Assignment
What you return should be the full listing, copied exactly and stripped of its pictures.

Data extract

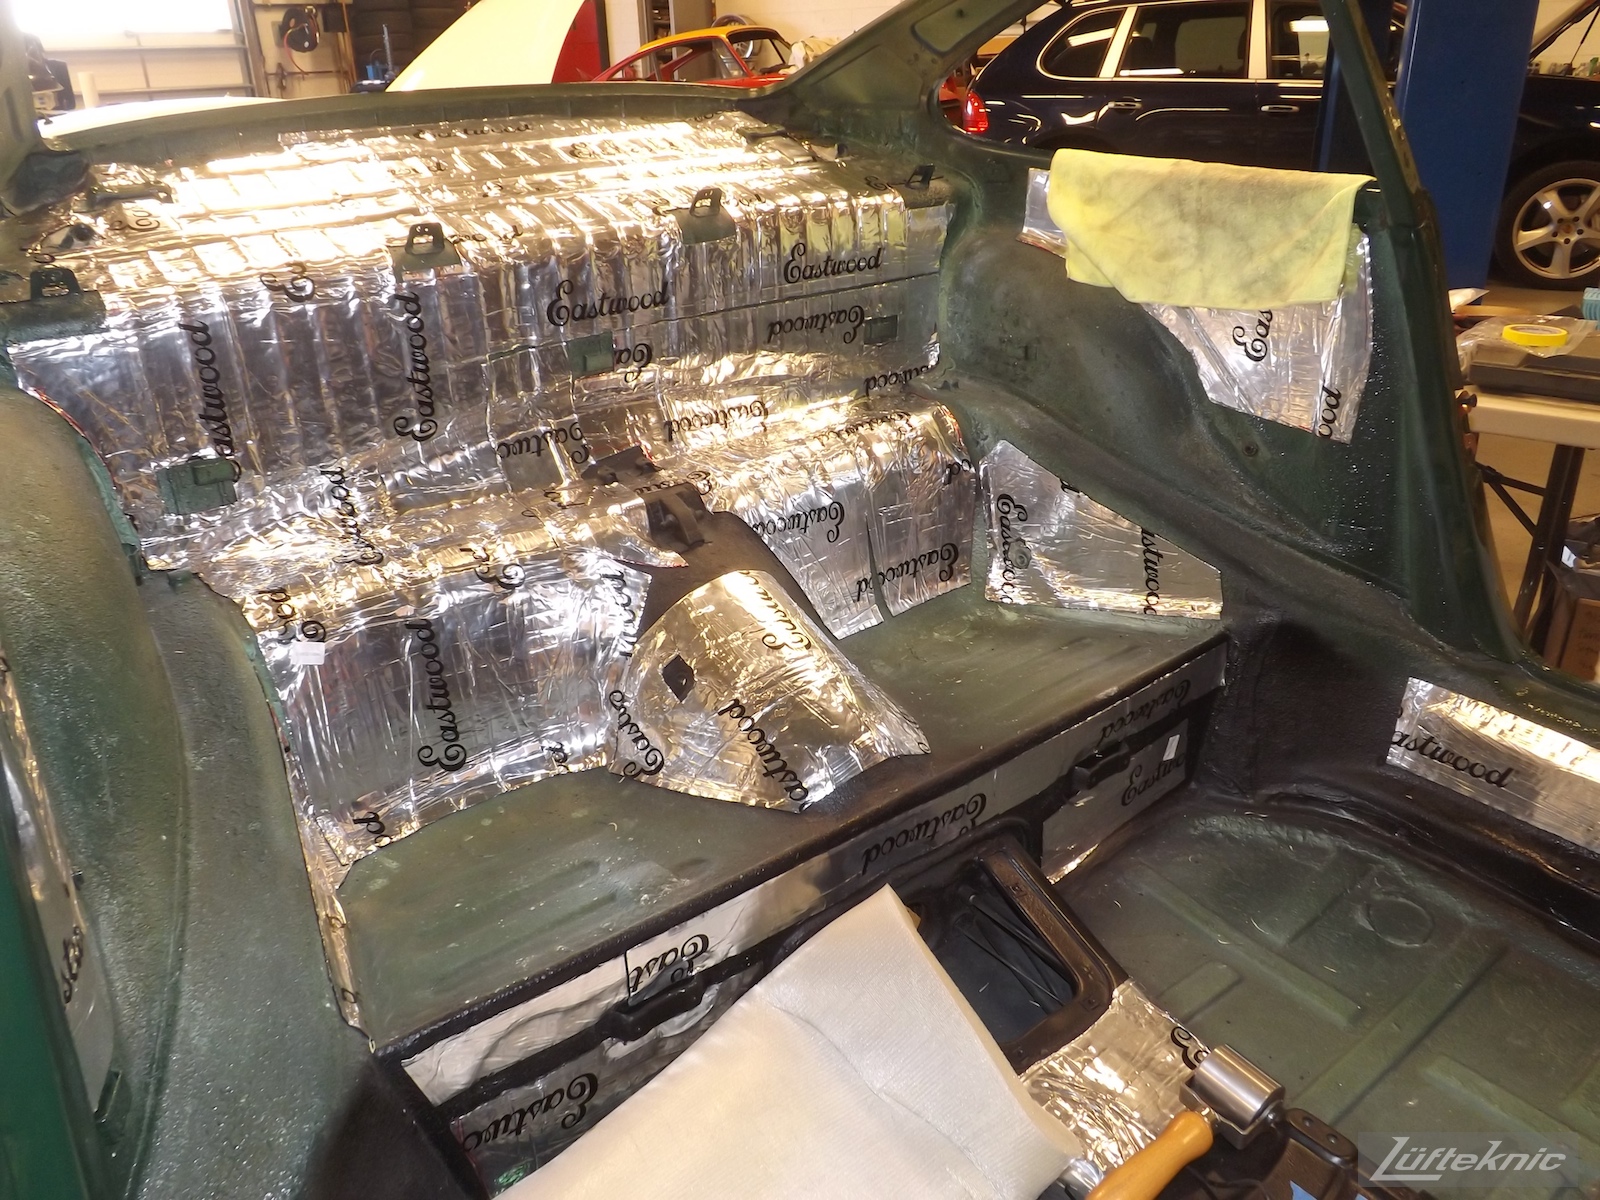 Eastwood sound deadening panels installed on an Irish Green Porsche 912 undergoing restoration at Lufteknic.
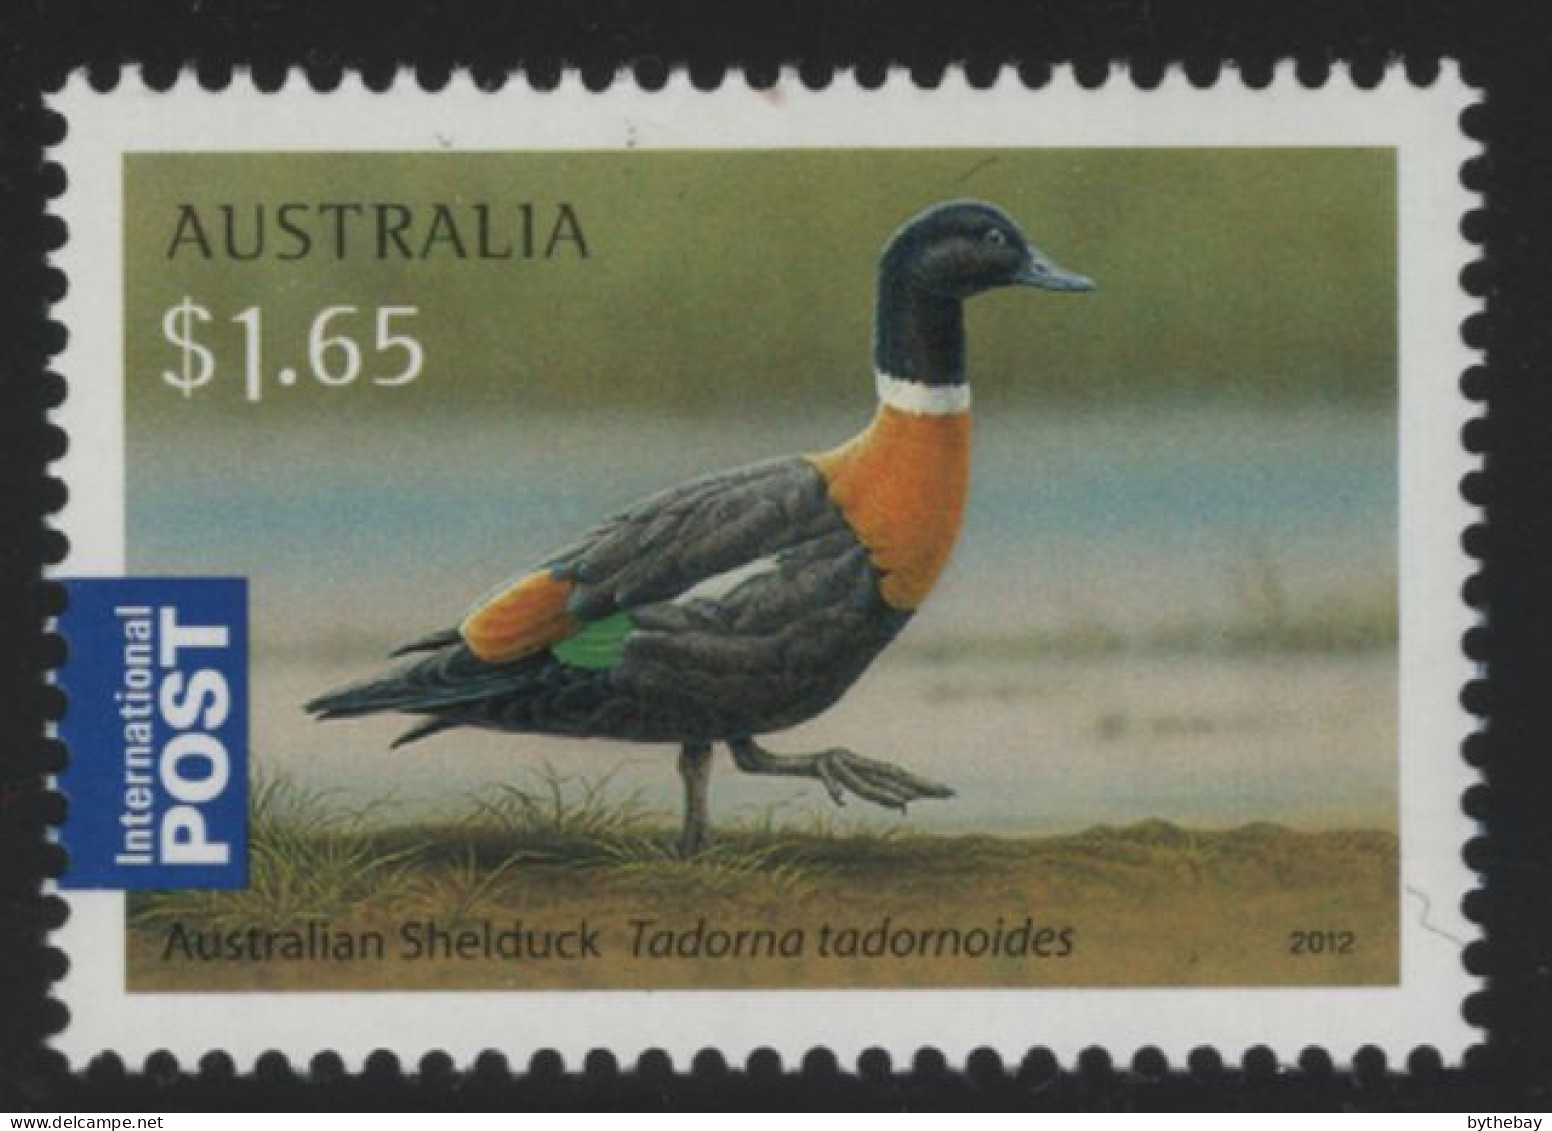 Australia 2012 MNH Sc 3664 $1.65 Australian Shelduck - Mint Stamps
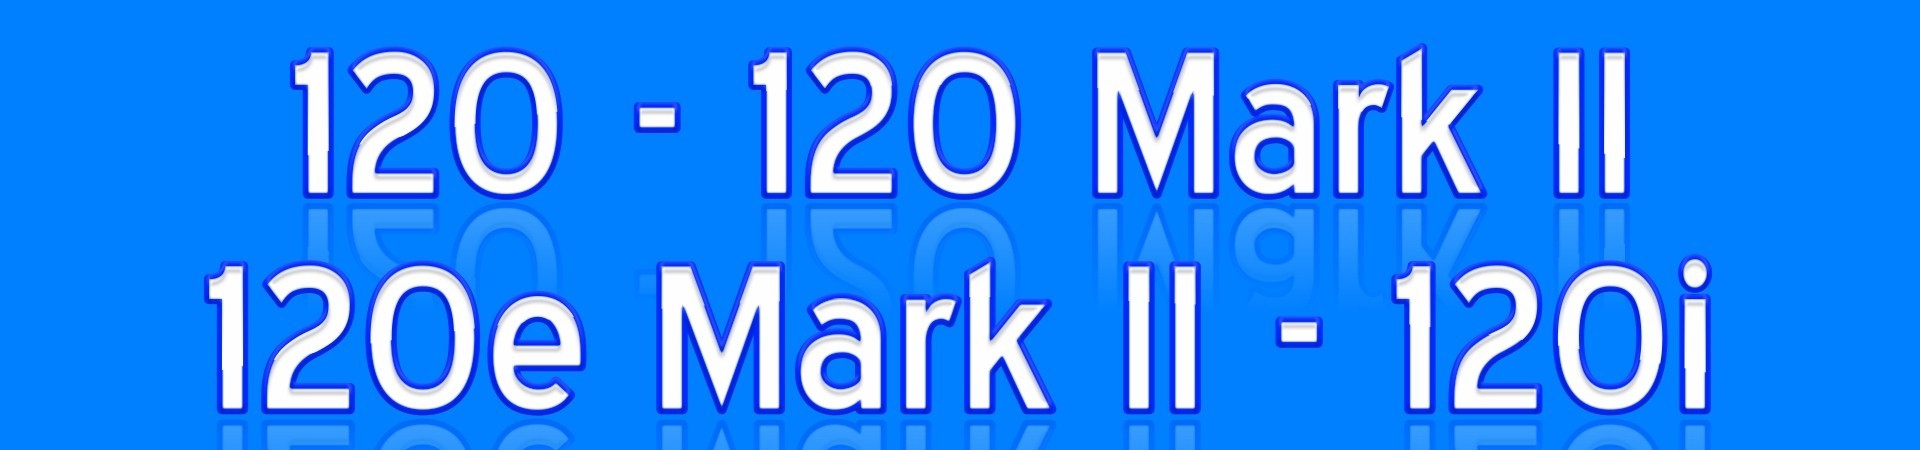 120 120 Mark II 120e Mark II 120i

Written reply
 Eastwood sound deadening panels installed on an Irish Green Porsche 912 undergoing restoration at Lufteknic.
 Australia 2012 MNH Sc 3664 $1.65 Australian Shelduck - Mint Stamps
 120 120 Mark II 120e Mark II 120i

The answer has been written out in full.